题意:
实际上就是求\(\sum^{a[1]}_{i=0}\frac{1}{a[1]}\sum^{a[2]}_{j=i}\frac{1}{a[2]}\sum^{a[3]}_{k=j}\frac{1}{a[3]}\cdots(a[1]<=a[2]<=a[3]\cdots)\)
解题思路:
题目给我们的a[i]并不保证是非递减的,比如一个1 4 2的序列,所以实际上的积分是\(\frac{1}{1*4*2}\sum^{1}_{i=0}\sum^{2}_{j=i}\sum^{2}_{k=j}\)
那么我们假设处理好的每个积分上限为\(b[i]\)
以三项为例
那么把系数往前提就有
\(\frac{1}{\prod^{n}_{i=1}a[i]}\sum^{b[1]}_{i=0}\sum^{b[2]}_{j=i}\sum^{b[3]}_{k=j}\)

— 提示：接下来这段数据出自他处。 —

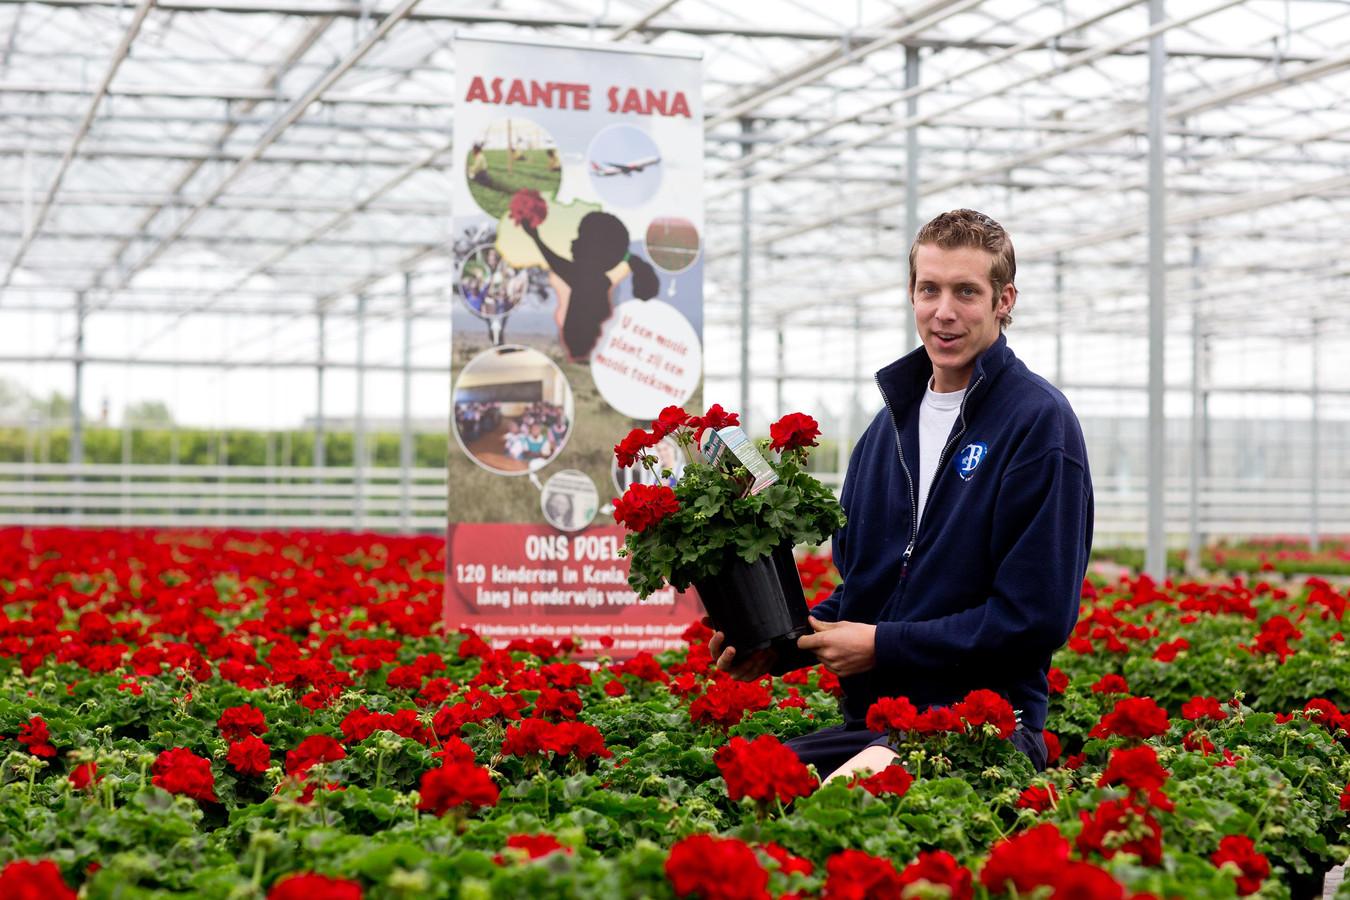 Walter van den Berg tussen de geraniums, die worden verkocht voor het goede doel Asante Sana.

我们从最后一个积分往前积,一开始要维护的多项式只有一个1,\(1dk=k\),已知上下限做定积分就有
\(\frac{1}{\prod^{n}_{i=1}a[i]}\sum^{b[1]}_{i=0}\sum^{b[2]}_{j=i}(b[3]-j)\)

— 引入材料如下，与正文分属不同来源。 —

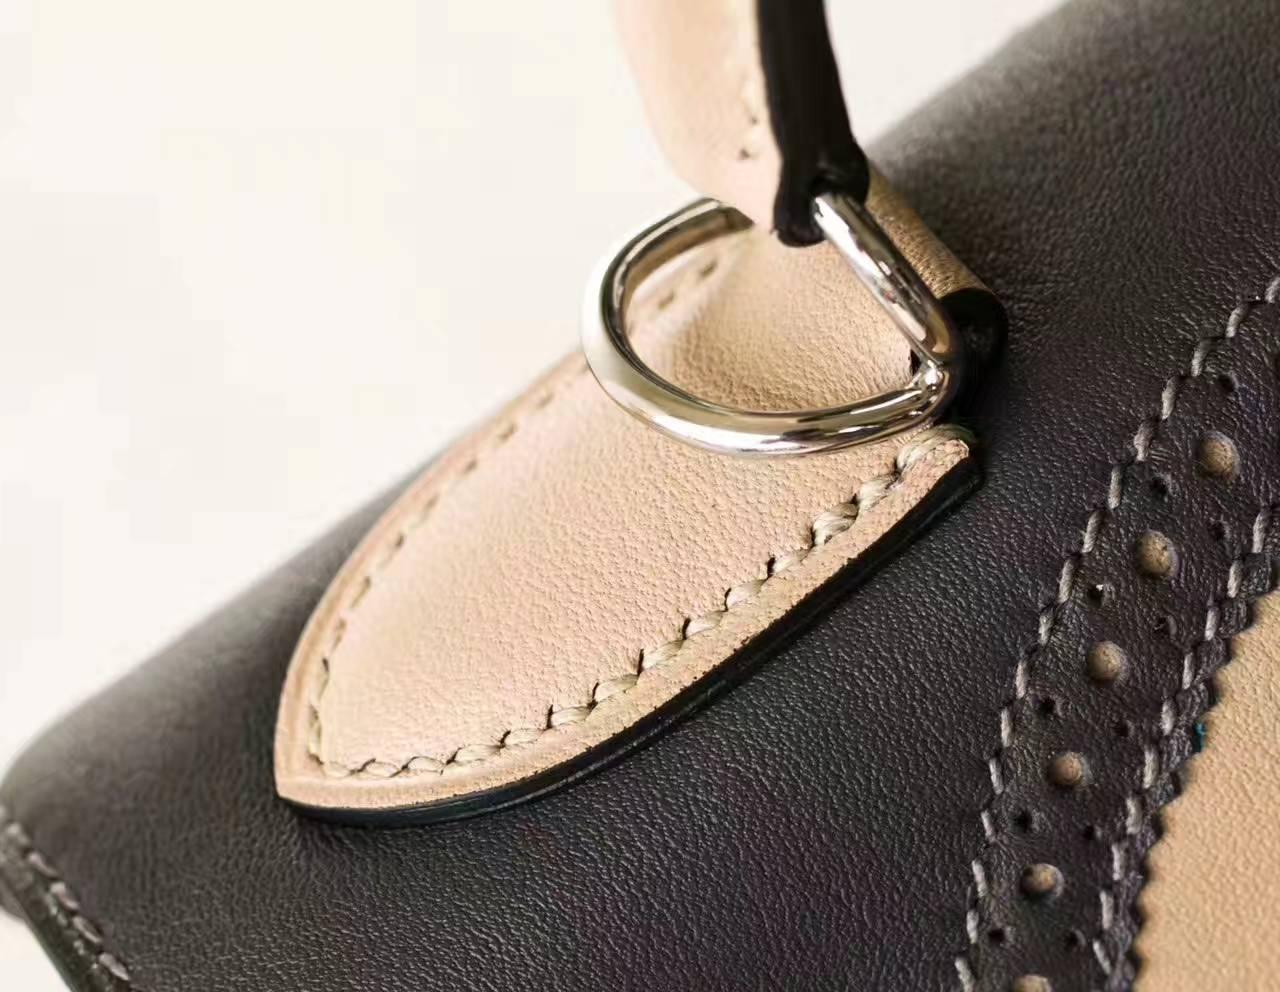 爱马仕Kelly女包 原厂Swift牛皮蕾丝凯莉包28cm 锡器灰拼斑鸠灰

同理\((b[3]-j)dj=b[3]j-\frac{j^2}{2}\)
\(\frac{1}{\prod^{n}_{i=1}a[i]}\sum^{b[1]}_{i=0}b[3]i-\frac{i^2}{2}\)
这就差不多了,为了避免浮点数,我分别维护了多项式的分子和分母,显然多项式每次只要乘以阶乘所有系数就能变成整数,只要分子分母同乘以阶乘即可,但是阶乘在预处理的过程中模过,导致直接除的时候不一定被整除,所以乘以阶乘的逆元就差不多了
#include <bits/stdc++.h>
using namespace std;
/* freopen("k.in", "r", stdin);
freopen("k.out", "w", stdout); */
// clock_t c1 = clock();
// std::cerr << "Time:" << clock() - c1 <<"ms" << std::endl;
//#pragma comment(linker, "/STACK:1024000000,1024000000")
#define de(a) cout << #a << " = " << a << endl
#define rep(i, a, n) for (int i = a; i <= n; i++)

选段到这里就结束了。